# Old IHC 454 - what kind of gearbox/hydraulic oli?



## Misior (Dec 26, 2015)

Hello.
I have problem with my oil.
I am currently using the next third type of oil.
There is a problem on each of them. The drive system is very loud. Especially gears in wheels (you know what I mean )
Tractor has 8500mth.
On the films available on the Internet these tractors move much more quietly.
Do you have any idea what will be the best popular transmission and hydraulic oil for such an old tractor?
On the one I currently use, power steering also works loud.

Thank you in advance for your answer.


----------



## pogobill (Jan 31, 2012)

What oils have you been using? I use Hy-Tran oil from the Case/IH dealer for my hydraulics.


----------



## Misior (Dec 26, 2015)

At the moment I do not remember the name but I chose the parameters as recommended by the manufacturer.
I mean more about whether I do not have to use another type of oil because the tractor is already a bit worn out?


----------



## sixbales (May 18, 2011)

Howdy Misior, great to have you back here on the forum.

If you are upgrading the manufacturer's original recommendations for oils to modern specifications, there's not much more you can do.
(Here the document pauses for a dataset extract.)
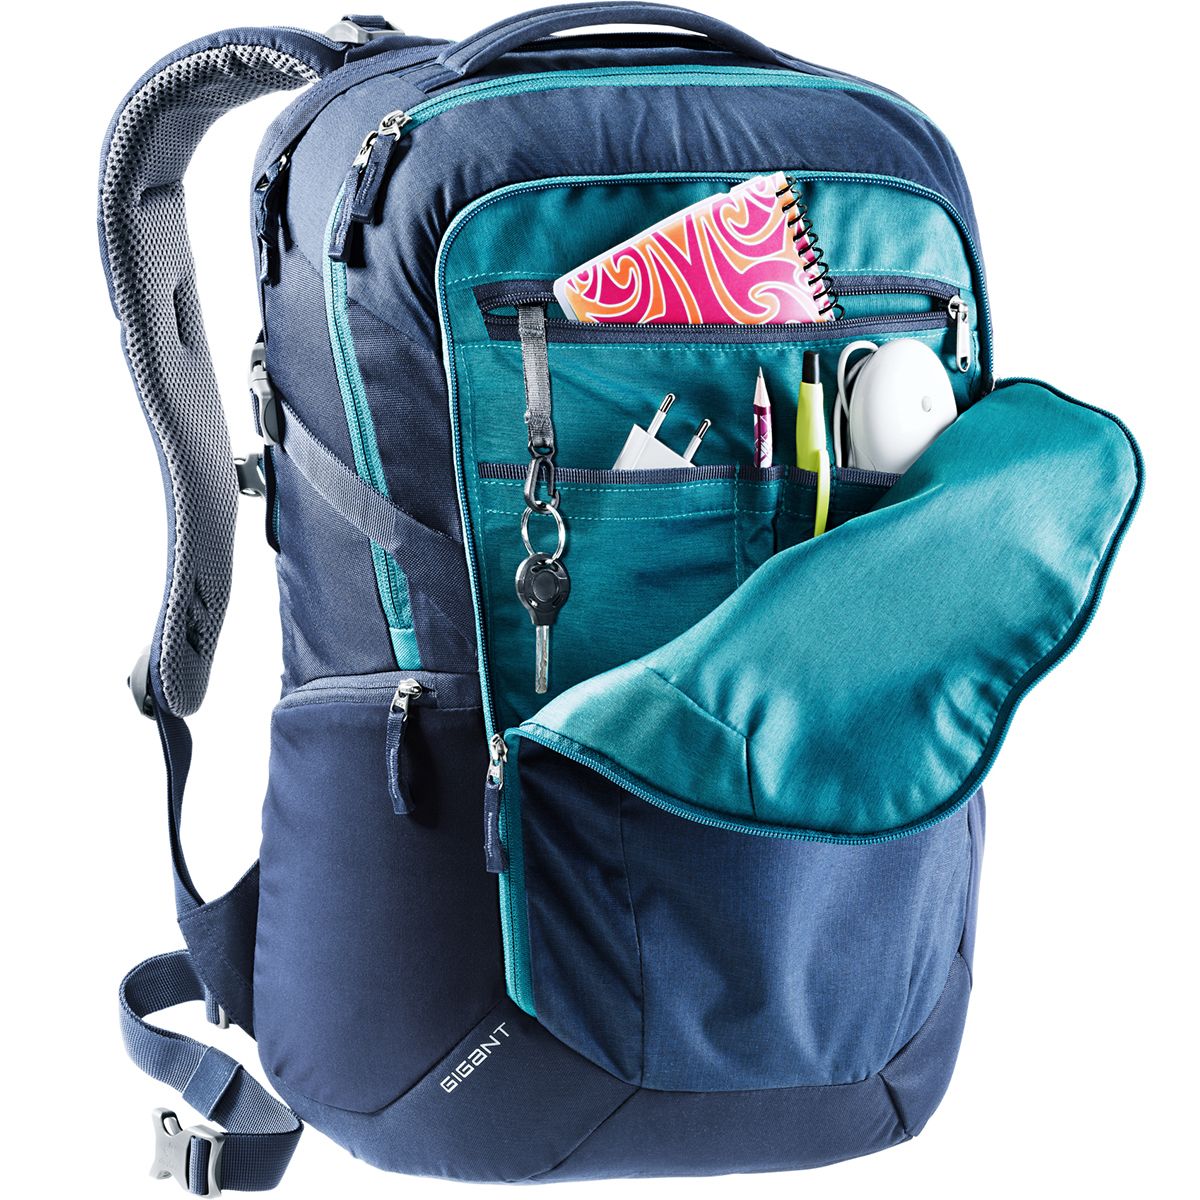 32L Backpack - Accessories

Your tractor has 8000+ hours on it, so it is well worn.


----------



## Misior (Dec 26, 2015)

I will try to change the oil for one with better parameters than mobilfluid 426 and see what the results will be.


----------



## FredM (Nov 18, 2015)

https://www.redpowermagazine.com/fo...rvester-74-84-series-gearbox-rear-end-issues/
Misior, see if you can open the above web address, this may help with your noise problem.


----------